Proposed revisions to a student loan forgiveness program may restrict eligibility for thousands of borrowers tied to their employer's alignment with government policies. The Department of Education argues this prevents taxpayer funds from supporting employers engaged in legally questionable practices, including gender-affirming care and DEI programs. Critics, including student advocates, see this as government overreach and a threat to free speech. The proposed rule follows a White House executive order and was reviewed through negotiated rule making, being similar to initial drafts and opinions from advisory committees.
This feels like government overreach-organizations and groups that are not working in line with the administration's agenda are going to be targeted by this regulatory change, said Sabrina Calazans, executive director of the Student Debt Crisis Center. We're deeply concerned this is essentially going against free speech.
The rule, which was published Monday on the Federal Register, fulfills a White House executive order signed by the president in March.

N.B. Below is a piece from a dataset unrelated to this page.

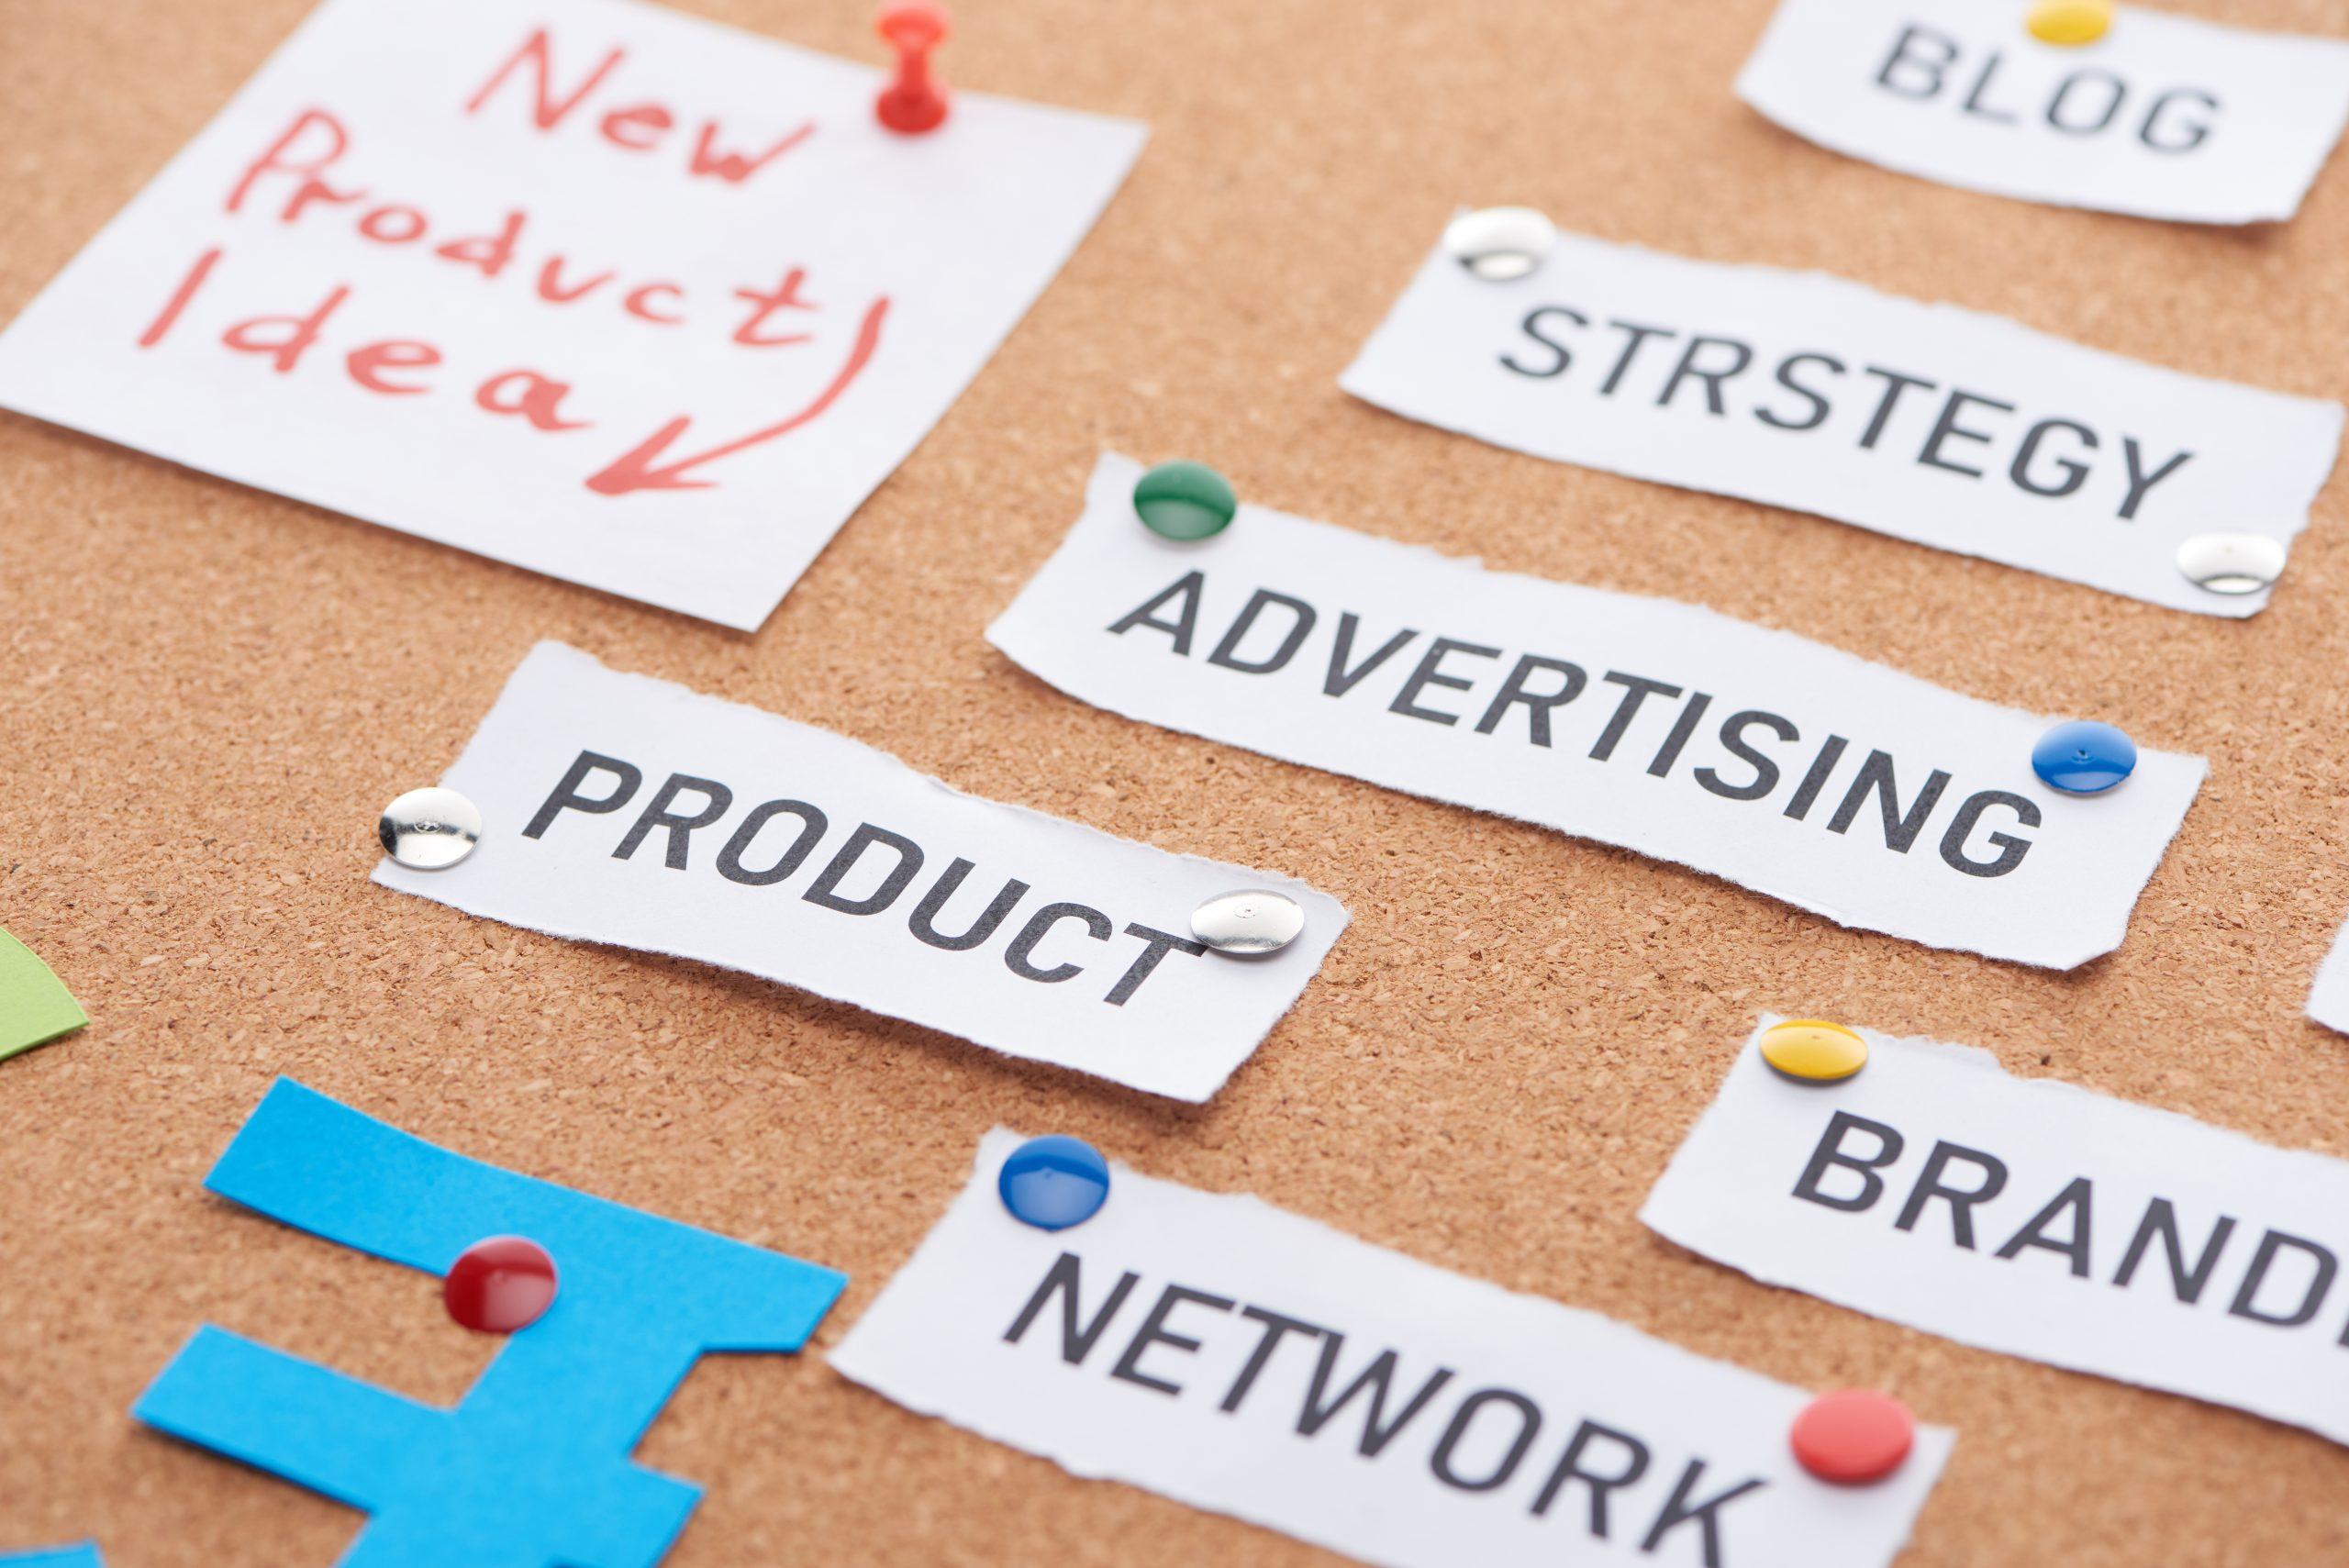 PPC advertising for B2B

The department reviewed the planned changes with an advisory committee through a complex process known as negotiated rule making earlier this summer.
Department officials, however, describe the revised regulations as a way to prevent taxpayer dollars from being improperly provided to borrowers whose employers are engaging in what they consider illegal practices, according to a news release about the rule.
Under the department's proposal, borrowers pursuing public service careers in local or state government as well as private nonprofit organizations could lose eligibility for loan forgiveness if their employer partakes in what the department are calling activities with a substantial illegal purpose.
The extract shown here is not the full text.